Lunch in Hall's Harbour, NS
One summer's day more than 17 years ago, when I was just beginning to write songs, my mom, my nana and I went to Hall's Harbour to get lobsters for lunch. Hall's Harbour is just a hop, skip and a jump from my nana's cottage in Harbourville* (sense a theme here with the harbour thing? We have a lot of harbours in Nova Scotia.)It was a beautiful day, perfect for driving across the North Mountain of the Annapolis Valley and seeing the sights. Hall's Harbour has been more tourist-y than Harbourville (at least for the past 20 years or so). In addition to the lobsters, we knew there would be a couple of shops to go into. It would be the perfect outing for a fine day.

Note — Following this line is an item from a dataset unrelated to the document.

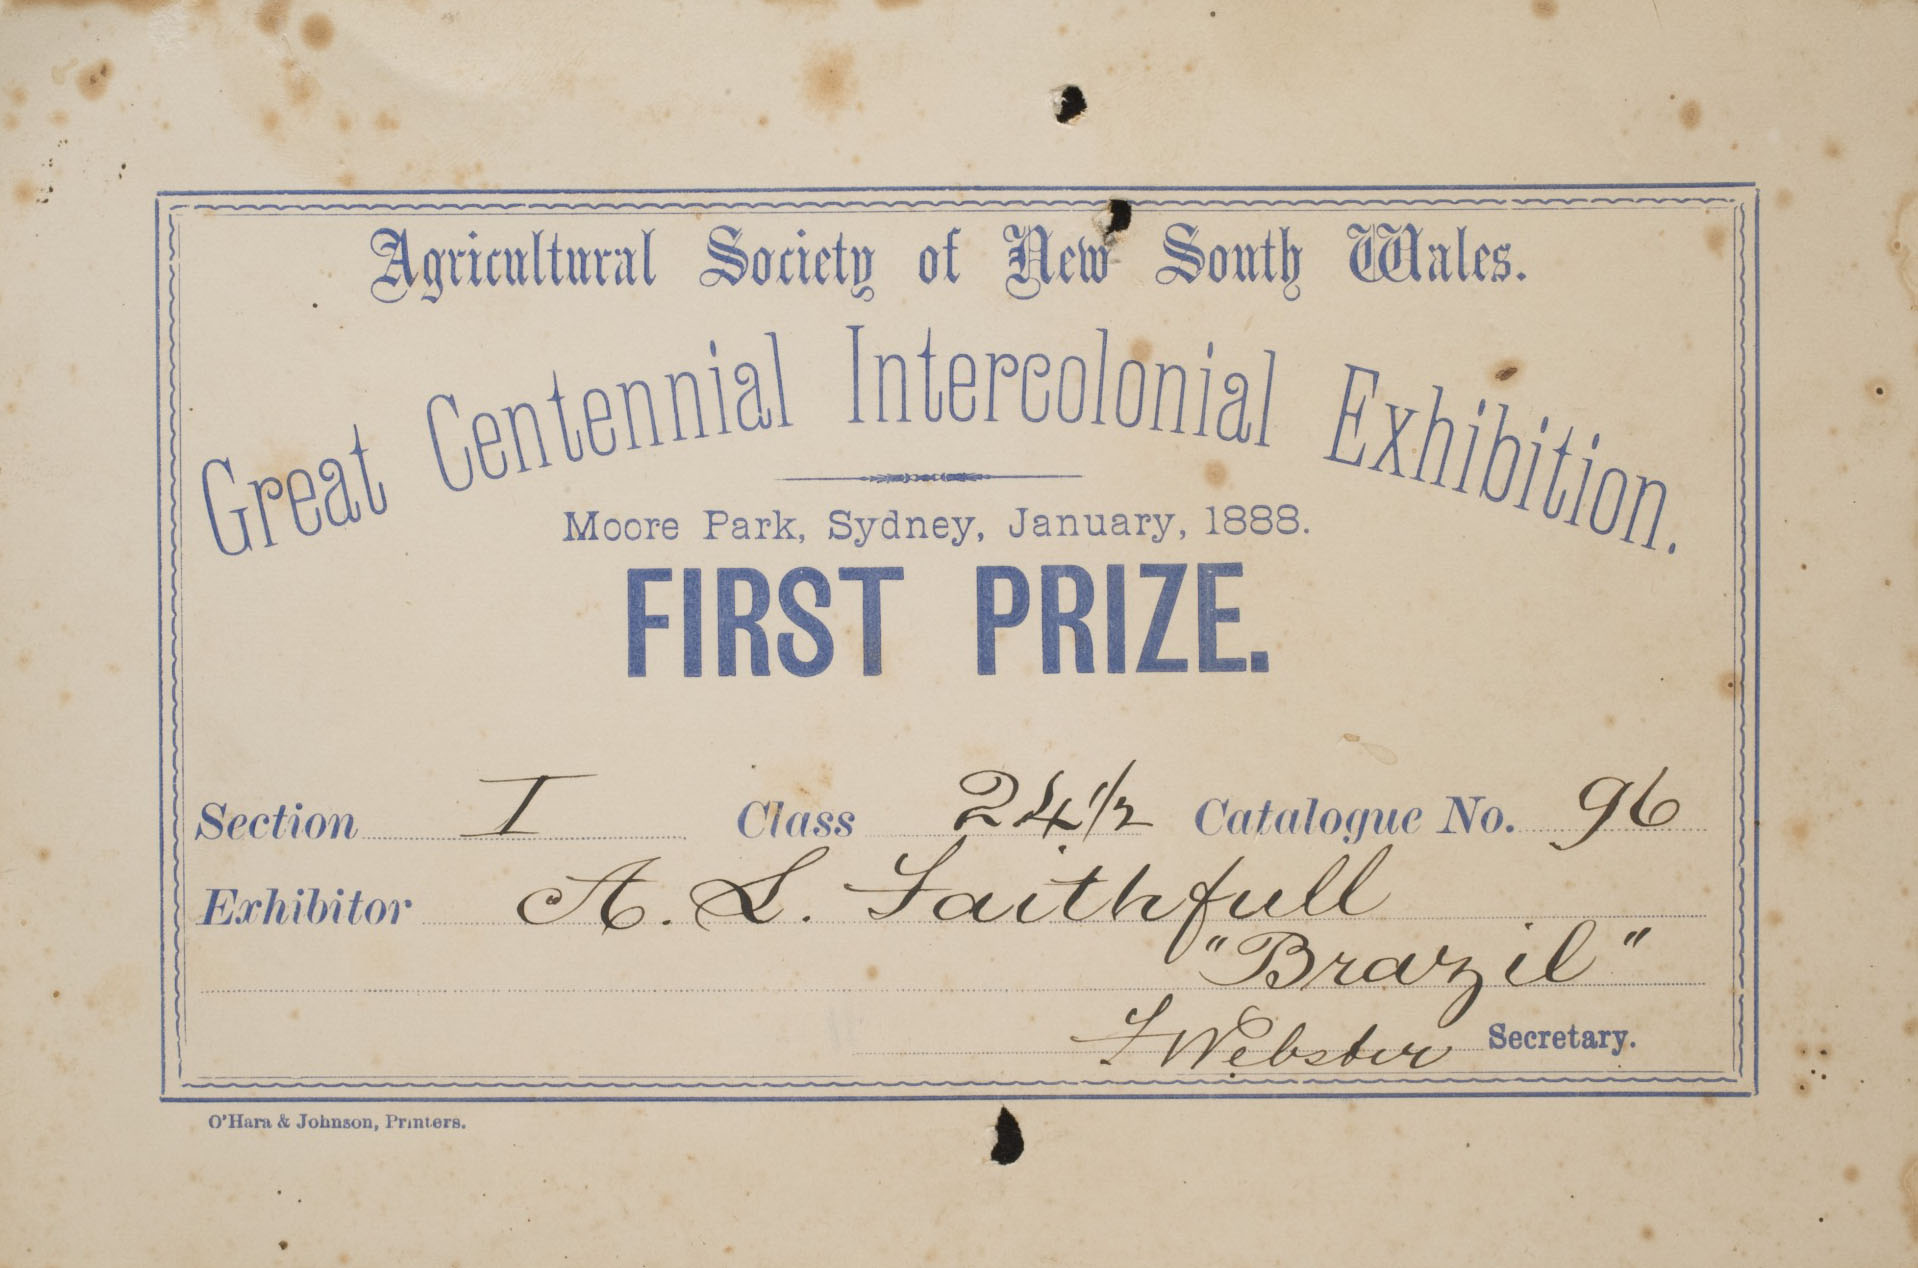 Prize card awarded by the ‘Agricultural Society of New South Wales’.

While our lobsters boiled and the seagulls wheeled and cried overhead (looking forward to the lobster shells, no doubt), we went into John Neville's studio**. The studio was full of amazing wood block prints. John Neville's wife was there and she avidly told us the stories behind the prints in her authoritative British accent.
Art breeds art
I remember one print showing a bunch of local women pushing a rum-runner's shack off a cliff in retribution for providing their sons and husbands with liquor. But the print that really caught my eye told the story of a man who bought a boat that sank. He raised her up and fixed her up and took her out fishing again. She sank again. So, he raised her up, dragged her up on the beach, doused her with gasoline and set her on fire.The print was entitled, So I Burned the Bitch.

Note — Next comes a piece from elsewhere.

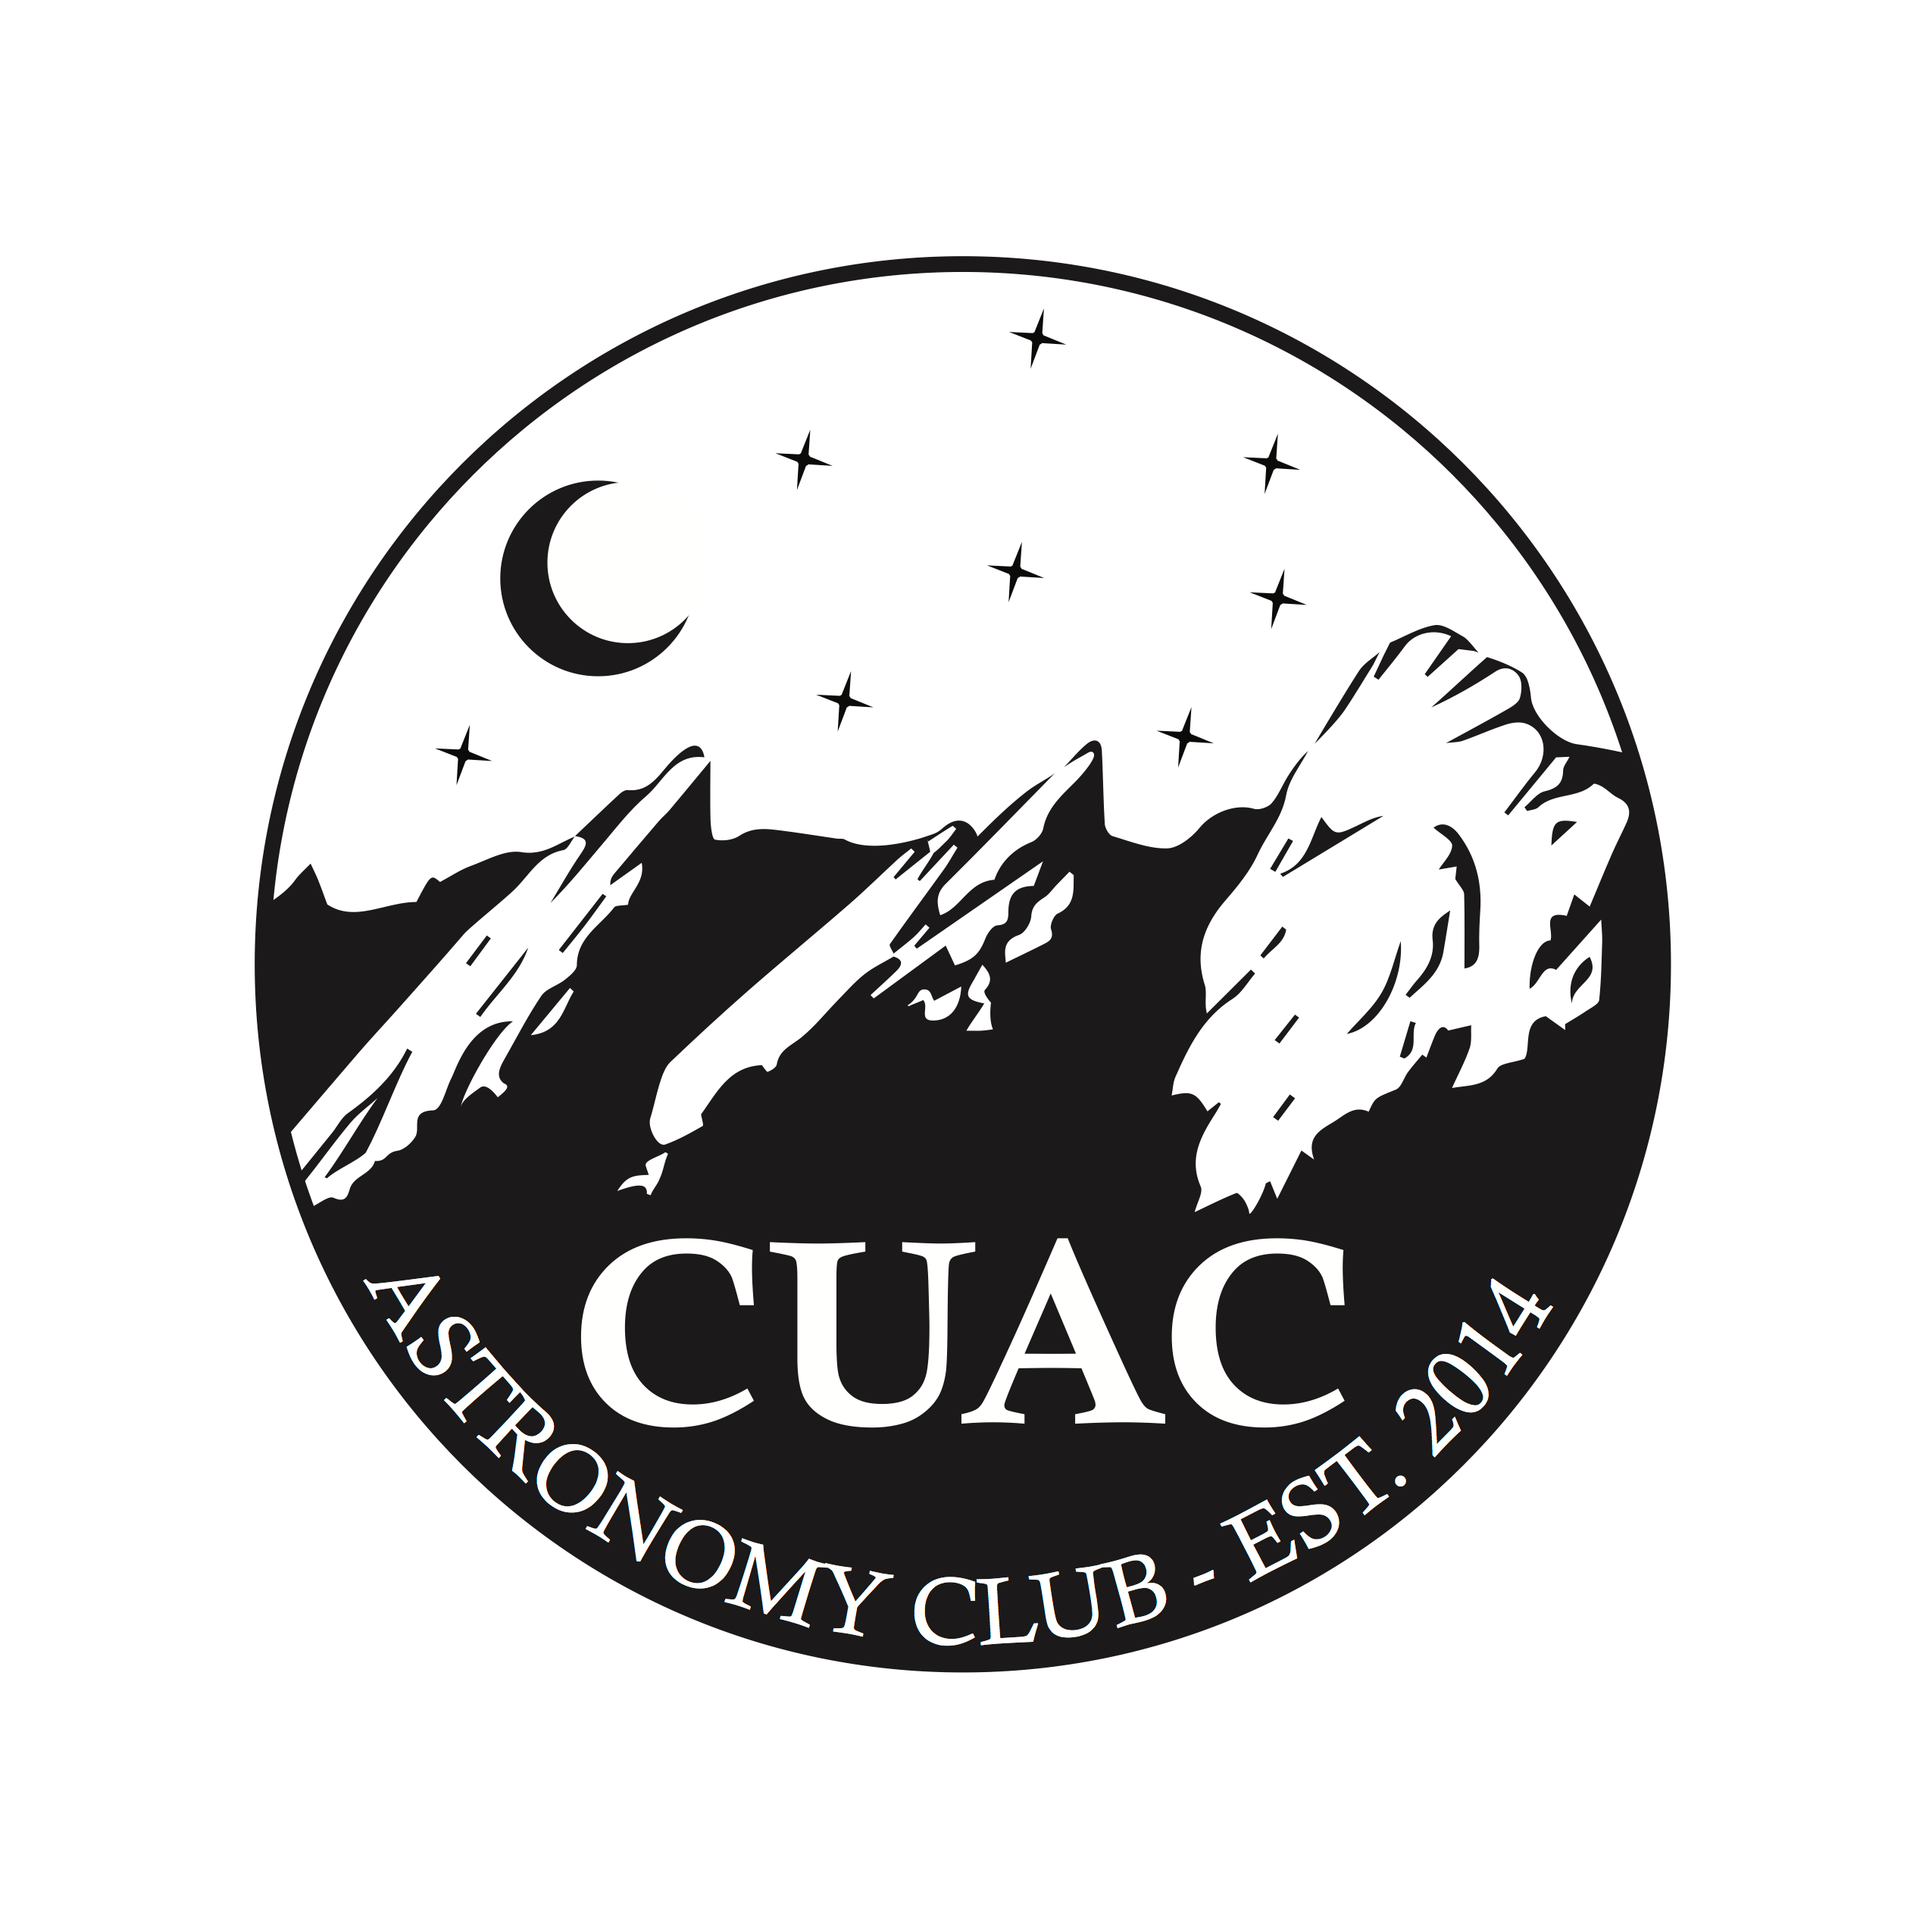 Club at CU Boulder. Meeting weekly to explore the cosmos and the constellations. Events include observation nights and dark sky trips #keeplookingup

I loved the story. The bloody-mindedness of that fisherman caught at my heart. I loved him. I loved that he would go to all that trouble to destroy something that had broken his heart. (I am prone to doing those sorts of vindictive things myself – or at least fantasizing about doing them.)
The story haunted me, but I didn't even try to write the song for another 8 or 9 years. When I did try, the lyrics came fairly easily, but the tune and accompaniment bogged it down. About 5 years ago, I workshopped it with my voice coach, Deanna Yerichuk, who told me to sing it as if I felt each emotion as it came up in the song: ambition, pride, devastation, triumph, despair and vindication. That helped a lot. It brought my passion for the song's subject to the fore. But it wasn't until I ditched the guitar and sang the song a cappella that it truly came to life.
There is was: bare and sparse. The sort of song you might sing into the wind while something that has betrayed you burns to wreckage behind you on the beach.
You can listen to The Minnie Pearl here.
*My nana's cottage is still in the family and I still spend time there every summer. For more information about Harbourville, visit the Harbourville Restoration Society Web site.
**John Neville no longer has a studio in Hall's Harbour. The last I heard, he was living and working in Maine.